Understanding that inductive learning involves ranking hypotheses in terms of their fit to training data.
False positives and false negatives and how the "loss" /"cost" function for learning may give asymmetric costs to them.
Understanding that what we want to really do is get a hypothesis that fits well to the test data--and that training data is only a stand-in.
Understanding that training data has to be drawn from the same distribution as test data (the discussion about fair tests).
Understanding the "bias-variance" tradeoff and the perils of over-fitting. ( if we keep picking more and more expressive hypotheses (or weaker and weaker bias--e.g. going from lines to 2nd order polynomials to 7th order polyonomials etc) we can reduce the training error, but will eventually start increasing the test error due to over-fitting).
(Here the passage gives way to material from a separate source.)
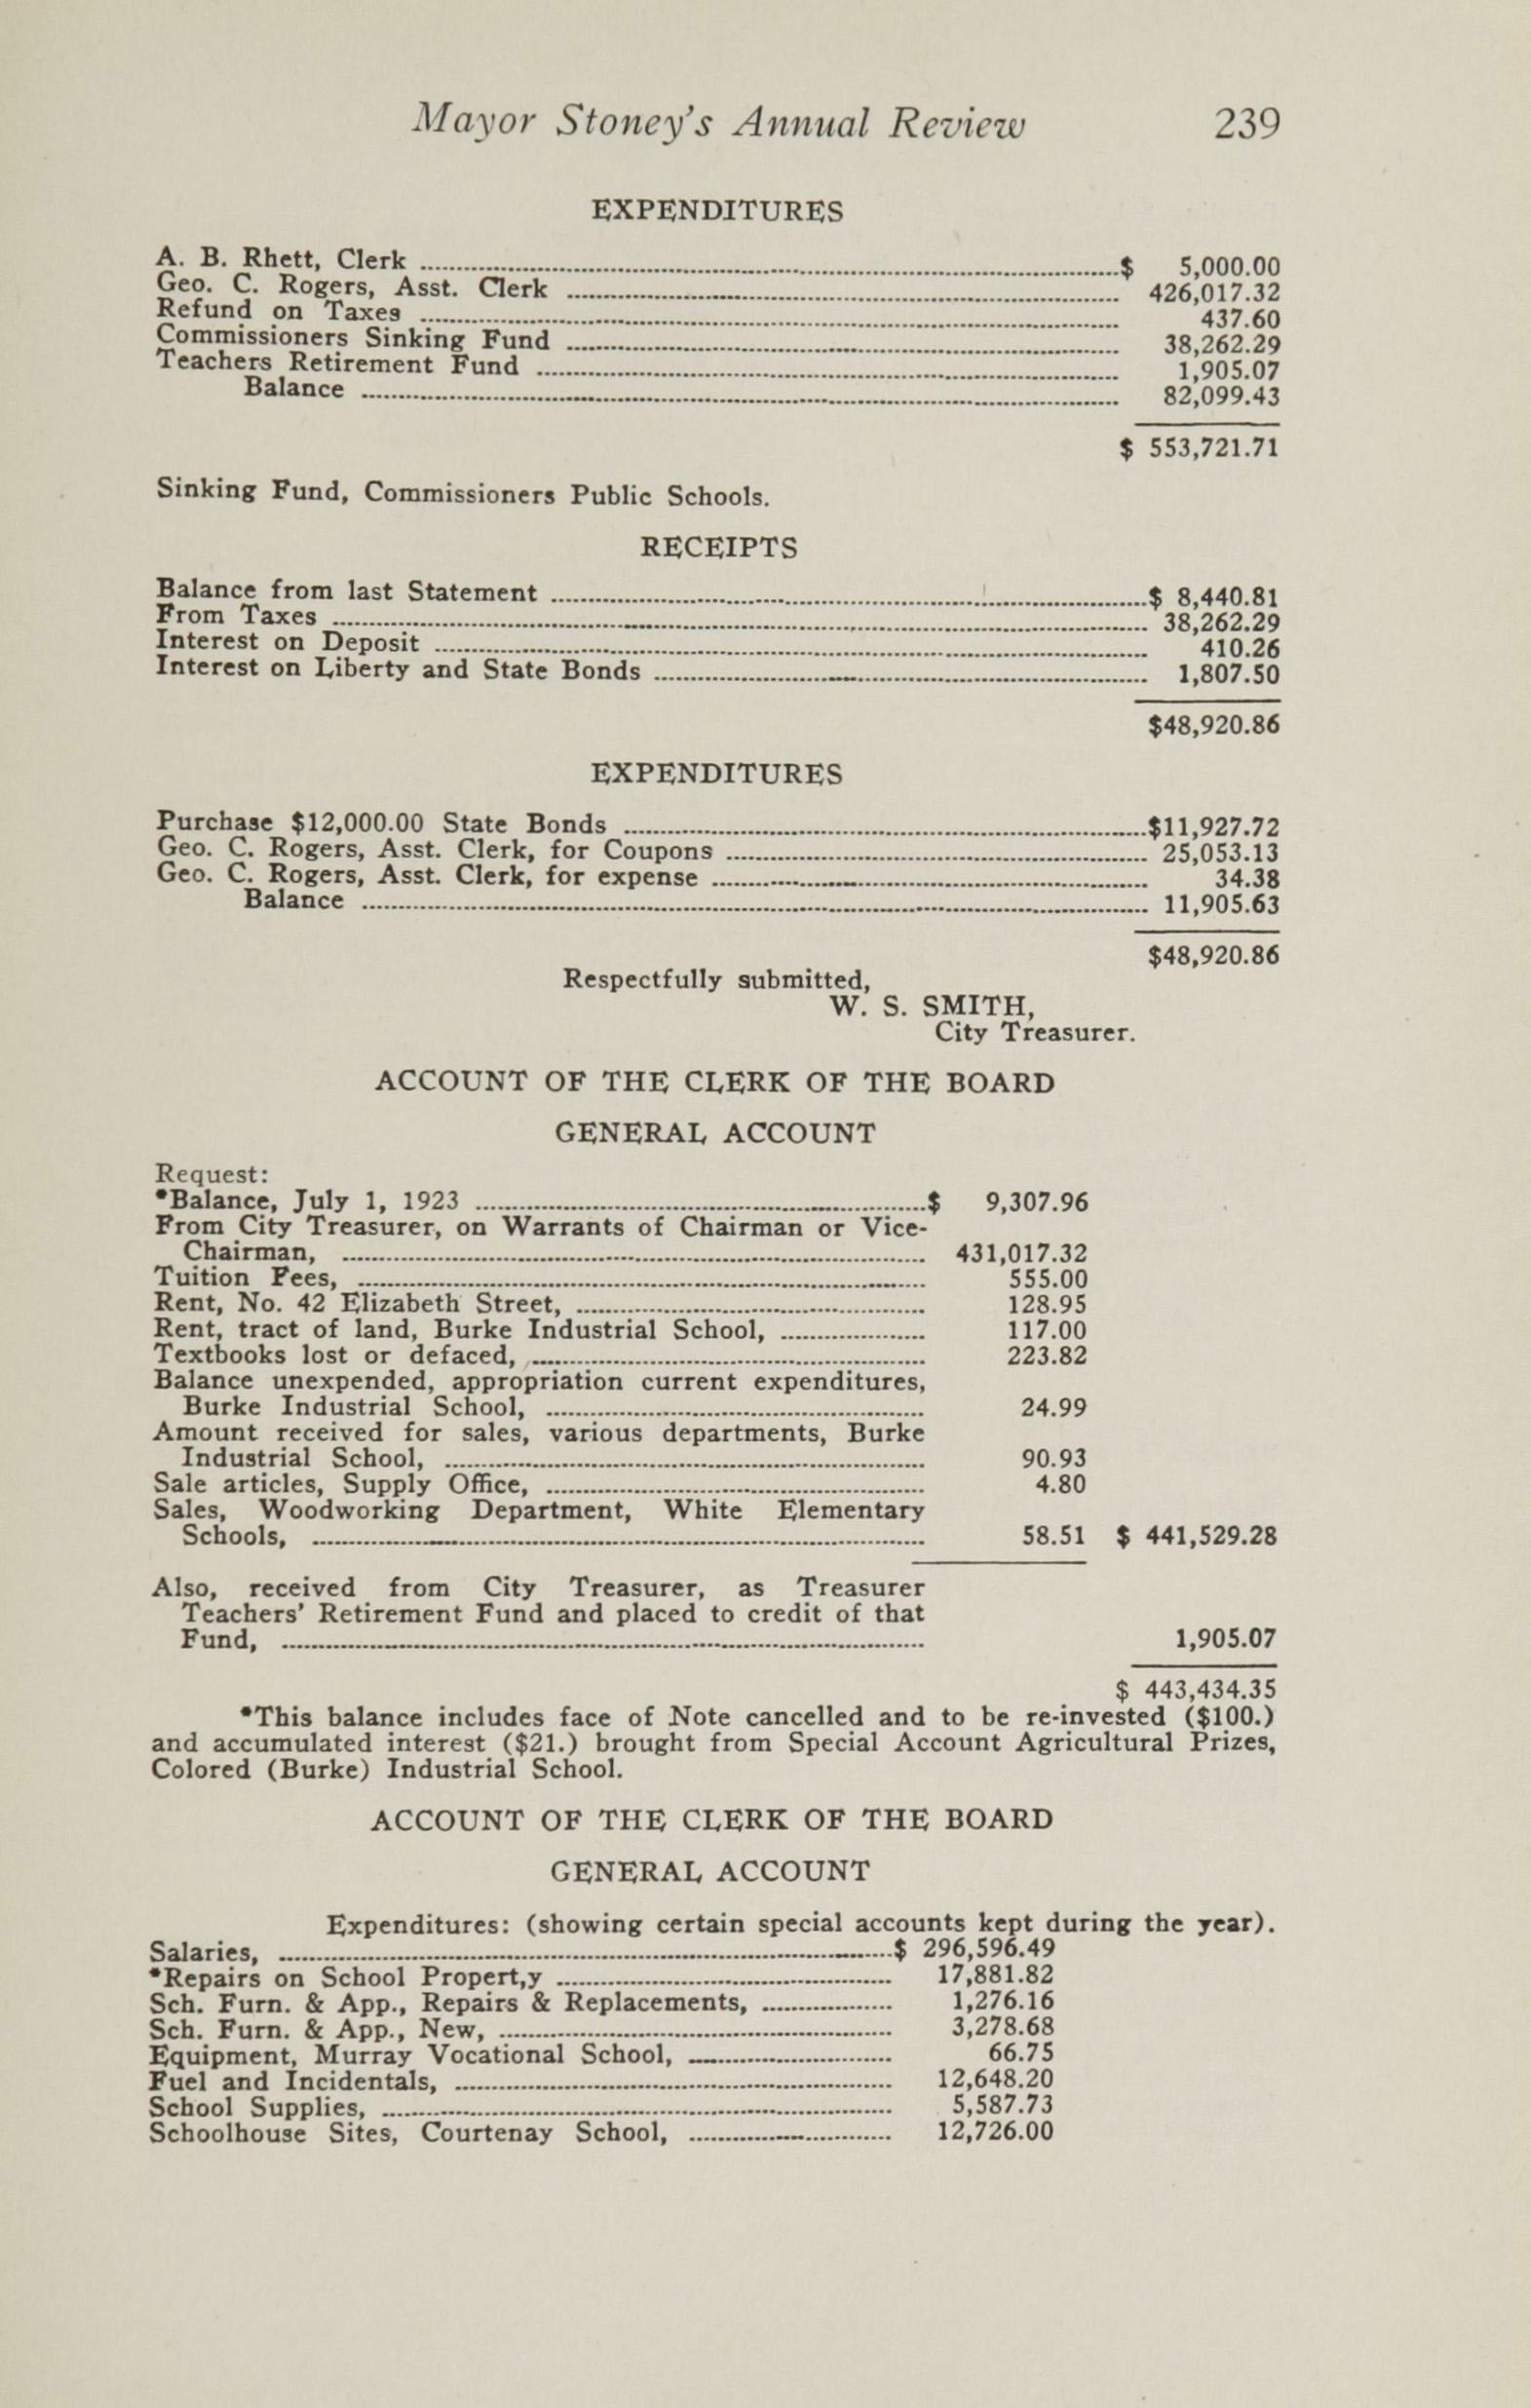 Charleston Yearbook, 1924, page 239

Desiderata for a good learning algorithm--in terms of probably approximately correct learning performance.
Understanding learner difficulty interms of number of samples needed to reach a certain level of test accuracy, and how different learning algorithms might compare.
Understanding learning problem difficulty interms of sample complexity of the problem. Realizing that sample complexity of discrete hypothesis spaces (e.g. boolean functions) is proportional to the log of the hypothesis space size. Seeing that this means boolean function learning requires exponential number of samples while conjunctive boolean function learning only requires polynomial number of samples.
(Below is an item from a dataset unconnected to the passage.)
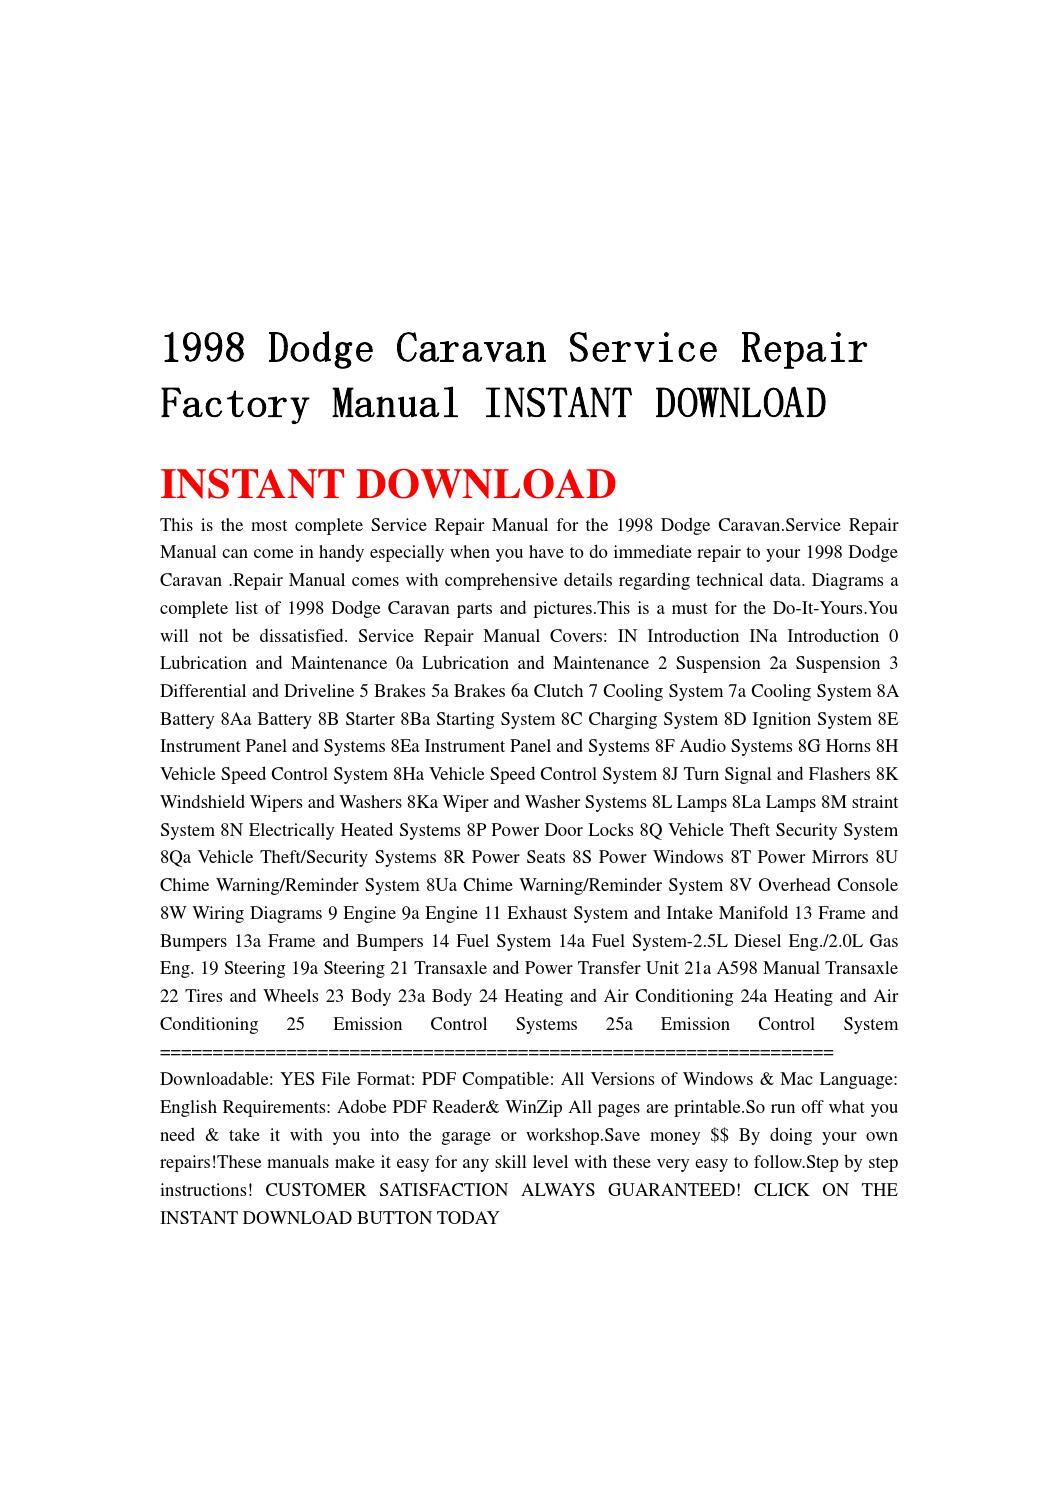 1998 dodge caravan service repair factory manual instant download by  jshenfnne - issuu

Greedy decision tree induction. Figuring out which attribute to split on. Entropy heuristic, and computing expected entropy after a split.
Seinfeld-Neuman example and understanding why the greedy splitting on single attributes can give us inoptimal (not the smallest) decision trees.
Understanding when the data is noisy (we have no more attributes to split on, and we still have both +ve and -ve examples..).
Undestanding over-fitting and refusing to split on a variable because its entropy is not much lower than 1 (or alternately its information gain is not much higher than 1).